Per the appraiser’s guidelines, foreclosure sales and short sales have to be included as comps if they are part of the market area. I hear the argument all the time that, “Our house is so much nicer and should not be compared to all of these foreclosures…” The appraisers are REQUIRED to include the foreclosures and short sales as comps. Explaining to your sellers during your listing appointment with them that foreclosures and short sales are part of their immediate market area and therefore they will be used as comps by the appraisers may prepare them for any value surprises later on in the transaction.
Keep in mind that on SOME Fannie and Freddie homes, they have actually started installing new appliances, carpet, and paint in their homes. Many of these foreclosures are actually in better condition that many of the re-sales out there!

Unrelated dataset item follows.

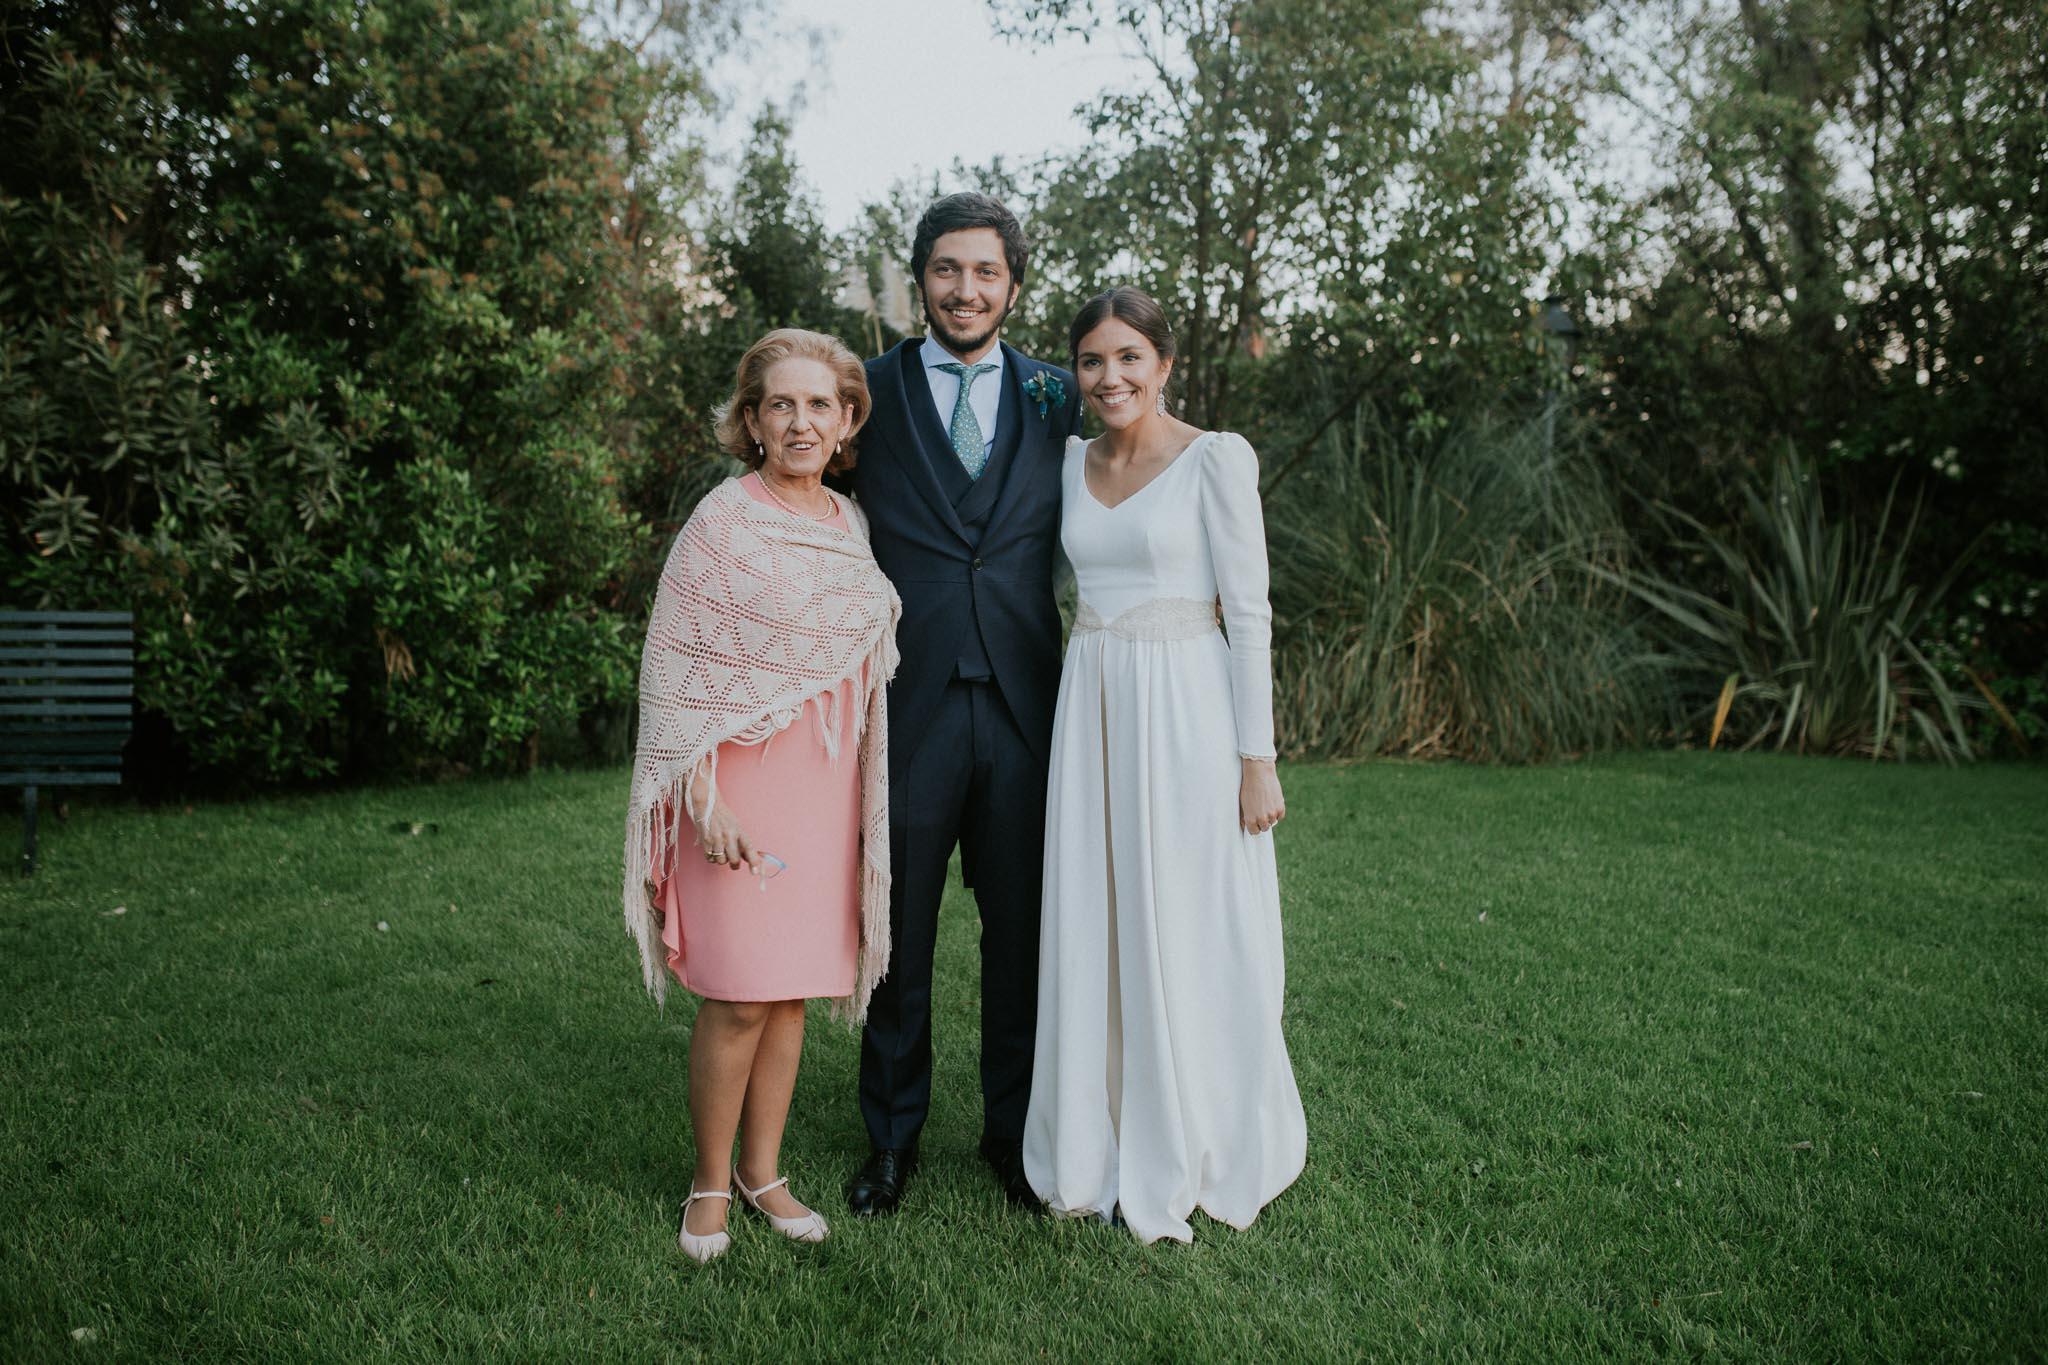 fotografia-boda-luguille-concorazon-102

Another popular argument is “My home has a $50,000 front door straight off of King Tut’s Tomb and did you not see the gold plated ceilings! There is no other home in the neighborhood with these types of upgrades and therefore my home should be worth way more than all the others.” Extremely nice as they may be, there still has to be homes to COMPARE them with. Contrary to popular belief, if you have the most highly upgraded home in the neighborhood, chances are that you are not going to get that money back out of the home. Appraisers are limited to 10% line item adjustments for upgrades. Other comparable homes have to have similar upgrades for the subject to receive value for them.
Typically the total adjustments for comps cannot exceed 25% of the subject’s sales price.
Also, the comps that are used in the appraisals have to have a gross living area within 20% of the subject’s. That castle in the next neighborhood over cannot be paired down to the size of your heavily upgraded studio condo and used as a comparable.
After thoroughly reading the appraisal and reviewing the 1004 MC Form, if you still feel the value is incorrect, and the appraiser has made an error or has not used the best comparable sales that are available, you may provide the comparables that you feel should have been used as long as they have closed within the last 60 days and are within the subject’s immediate subdivision. Pay special attention to the 1004 MC Form. If it is checked as declining over the past twelve months and if the last 3 month median price in the neighborhood is $150,000 and your home is priced at $250,000, it could be a challenge to dispute, and underwriting will probably decline the loan due to unsupported value. Keep in mind that underwriting always has the final say.